Если Карамзина можно условно отнести к «западникам», имея в виду не столько его творчество, сколько его личность и просветительский запал, благодаря которому он переводил для россиян Шекспира, Лессинга и далее древнеиндийскую драму «Сакунтала» (последнее не противоречит всеевропейскому увлечению культурой Востока, и прежде всего его экзотикой, замешанной на философии), – то Толстого и Достоевского даже условно к этому течению не подставишь. И дело тут не в национальном характере их прозы (Карамзин не менее патриот своего отечества!), а скорее в полнейшей замкнутости их на своем мессианстве. Карамзин-художник возделывал другие почвы, считая просветительство заменителем тех форм, которые не могли переменить ужас российской жизни. У Достоевского и Толстого все-таки ощутимо рассечение творчества и философской системы. Религиозные опоры, на которых стоят все трое, тем не менее дают в высоту совершенно разные строения, причем если у Карамзина – это своеобразный небоскреб, то у Толстого – деревянная изба, а у Достоевского шатающийся дом на семи ветрах. Придуманный Карамзиным культ простоты и естественности у Толстого приобретает наивно-примитивистские очертания, а Достоевским поэтизируется в романах-мифах, где личность предстает как сплетение противоречивых борений с самим собой и со «средой». Поиски Бога в себе для карамзинской Лизы лишены страдания, так как Лиза изначально чиста и праведна, а у Холстомера и Сони Мармеладовой связаны с нахлынувшими на их жизни потрясениями и событиями трагического свойства. «Первобытное» у Лизы усилено ее верой, которая впитана с молоком слепнущей матери. Холстомер при рождении свободен от религиозного идеала. Он выстрадал его в напряжении своей внутренней жизни, в ПРОЦЕССЕ постижения себя по мере «развертывания» собственной биографии. Сонечкина вера также начинается ВМЕСТЕ с ее грехом. И продолжается как попытка искупления, приносящая духовную боль. Слезы всех трех персонажей имеют причиной поругание веры как основы всечеловеческого существования, однако соленость этих слез «нахимичена» по-разному. Толстой имел целью с помощью веры наивно переустроить не лошадей, а человеков. Достоевский именем веры приоткрывал растление, поэтизировал грех, украшал порок, заметал следы богохульства богоискательством.

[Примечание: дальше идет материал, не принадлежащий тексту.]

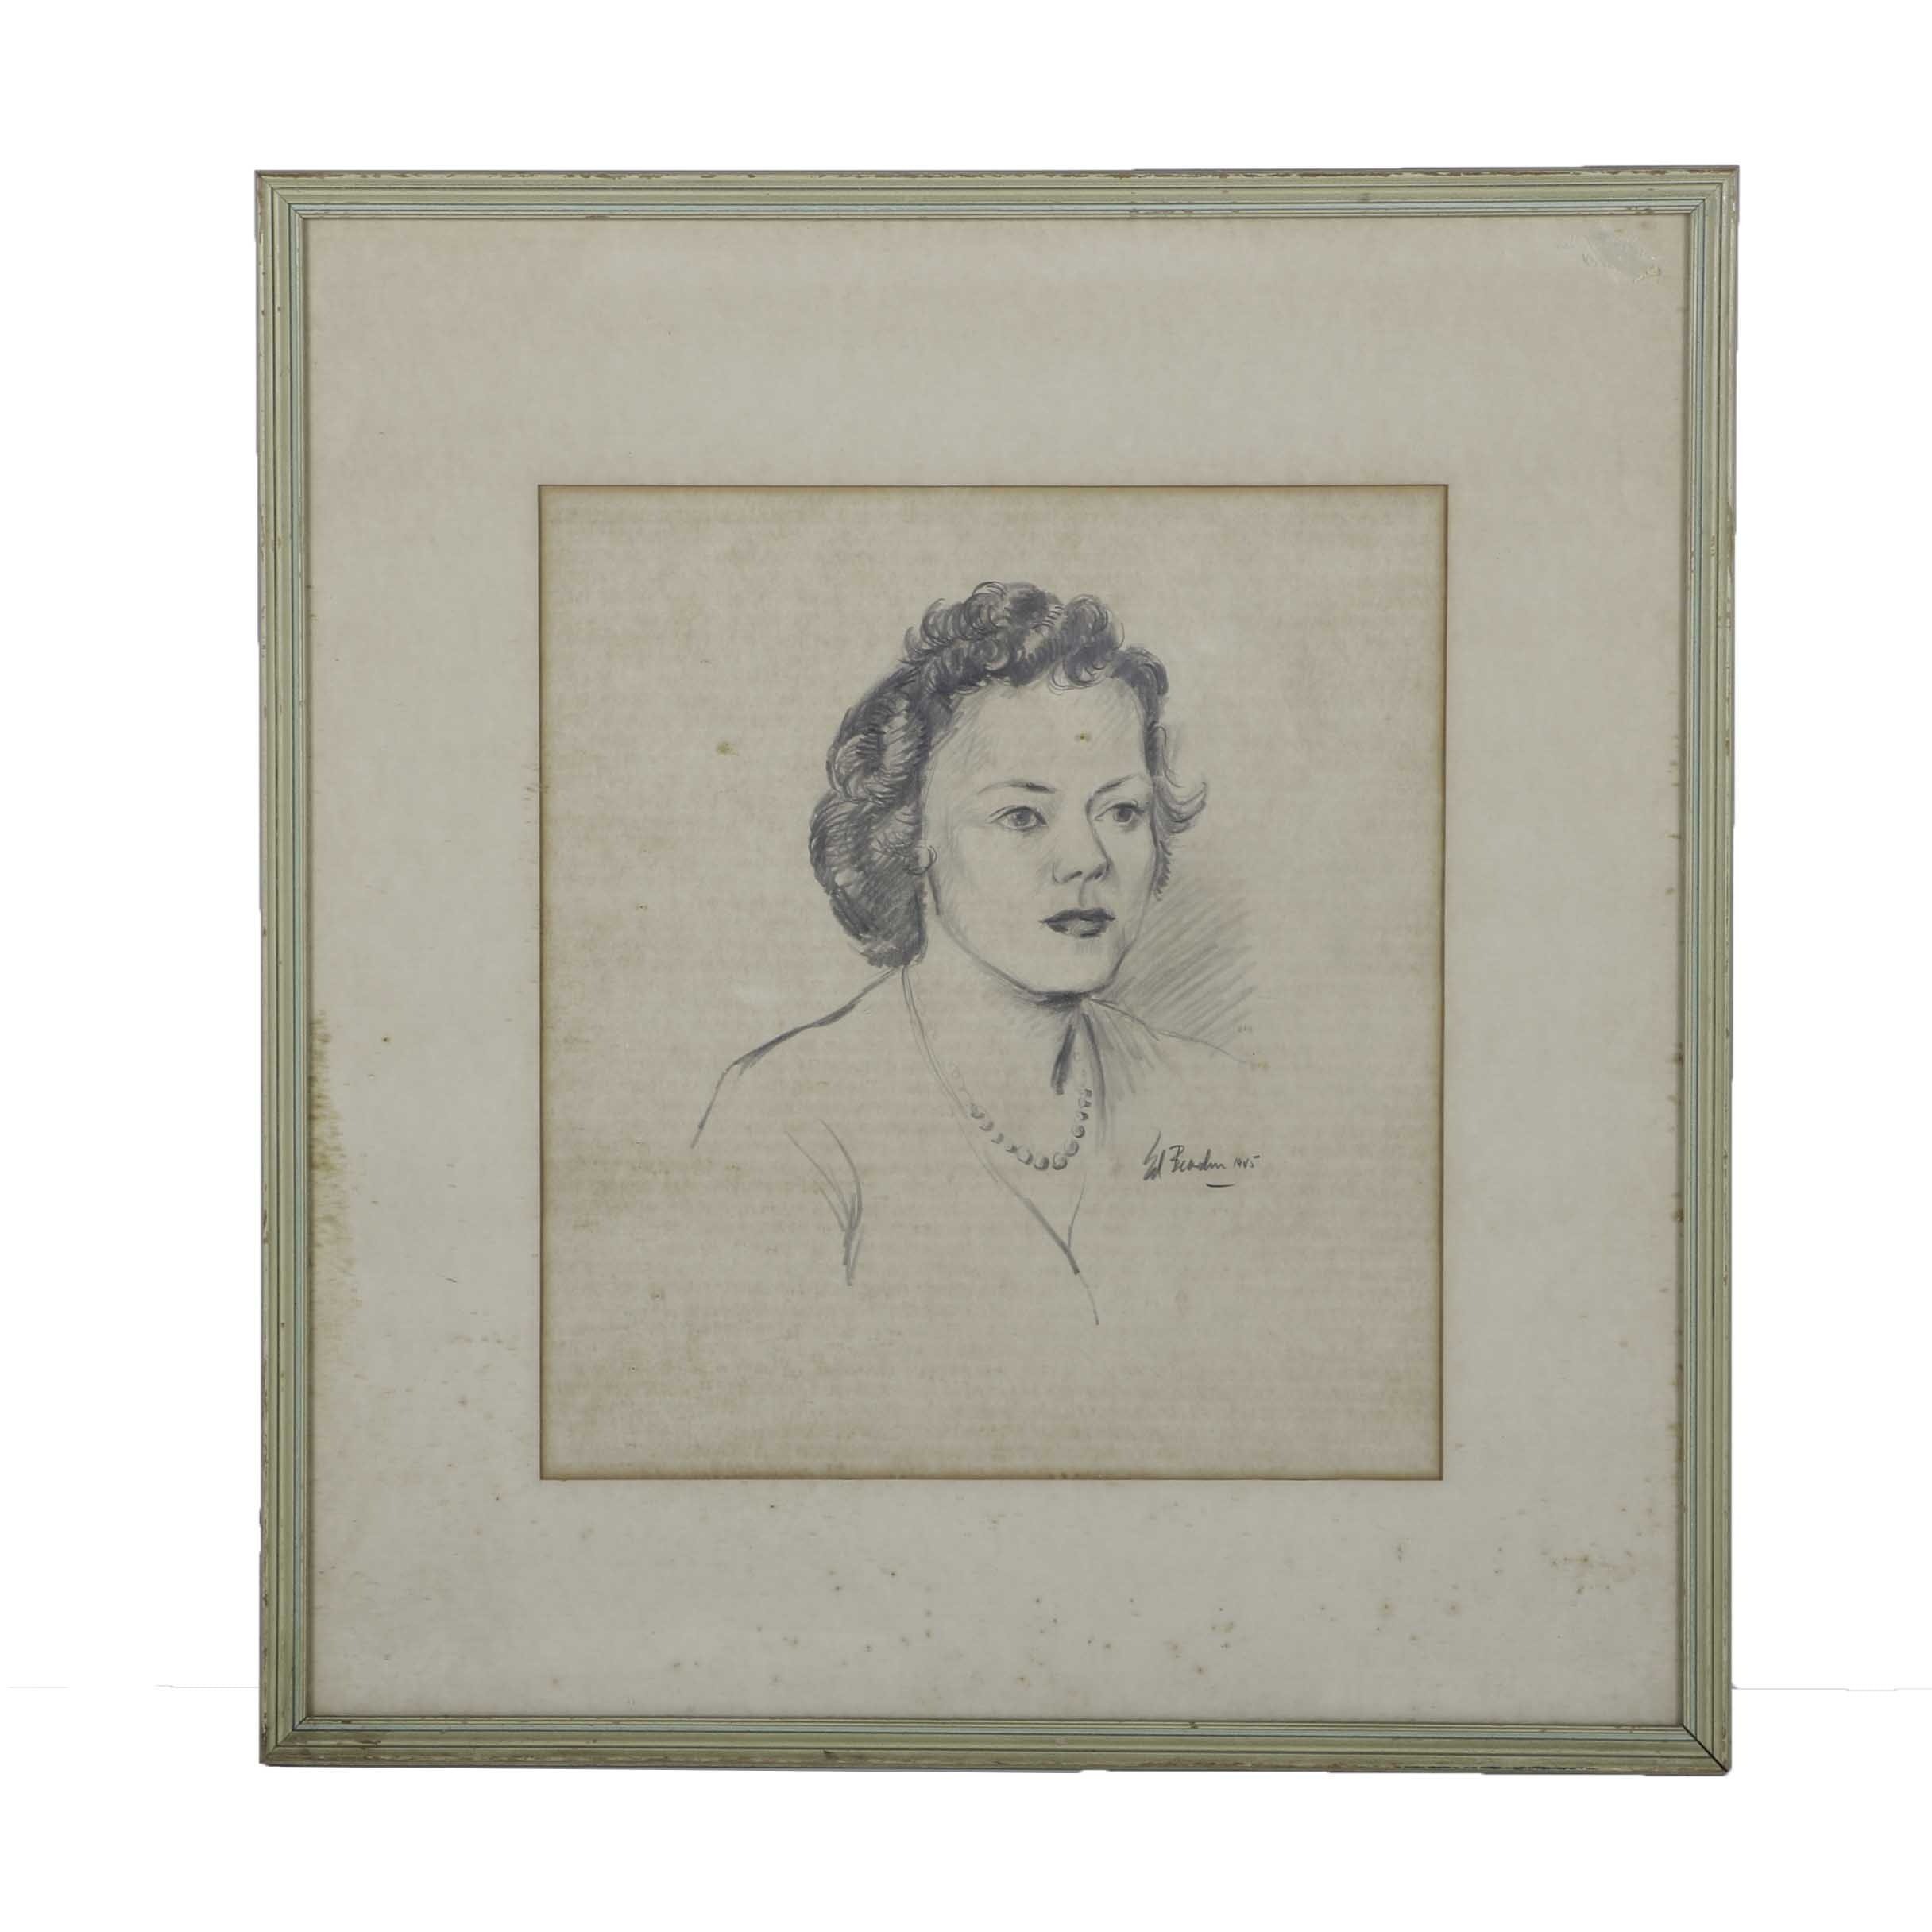 1945 Edward Bearden Graphite on Paper Portrait

У Карамзина все проще, ибо его сюжет самый прозрачный, какой только может выдумать писатель, задумавшийся над жизнью. В прозрачности Карамзина обманчивая слабость. Тут сила мощнейшая, гигантская… Ибо эта прозрачность – программна! Она еще и выражена столь музыкально, что действует завораживающе. Карамзин обладает грацией и пластичностью, которых у Толстого и Достоевского не доищешься. У этих двух свои достоинства. Но у Карамзина достоинств, так сказать, нету, – у него сплошные прелести!.. Карамзин – не «мятущийся» дух, каковым козыряли гении литературы девятнадцатого века. Он гармоничен в своем искусстве, ибо он настоящий эстет.

Культурная и непреходящая ценность «Бедной Лизы» могла быть выявлена сегодня не искусственным «воспеванием простых и сильных чувств», а только через сценическое выражение всей глубины общефилософской концепции личности у Карамзина. Трагедия Лизы не в том, что Эраст – дворянин и потому именно плохой человек, не может на ней жениться. Лиза гибнет не в силах выдержать оскорбления, от обмана, от жестокосердия Эрастового… Дворянство и городская цивилизованность Эраста выступают в повести Карамзина лишь как сопутствующие аморализму и эгоцентризму обязательные моменты, призванные дополнить и оправдать характеристику главного героя. Именно поэтому мы не можем считать гуманизм Карамзина абстрактным гуманизмом. Социальный смысл повести вытекает из твердых убеждений Н. М. Карамзина, что каждый человек имеет право на счастье, независимо от того, на какой ступеньке общества находится.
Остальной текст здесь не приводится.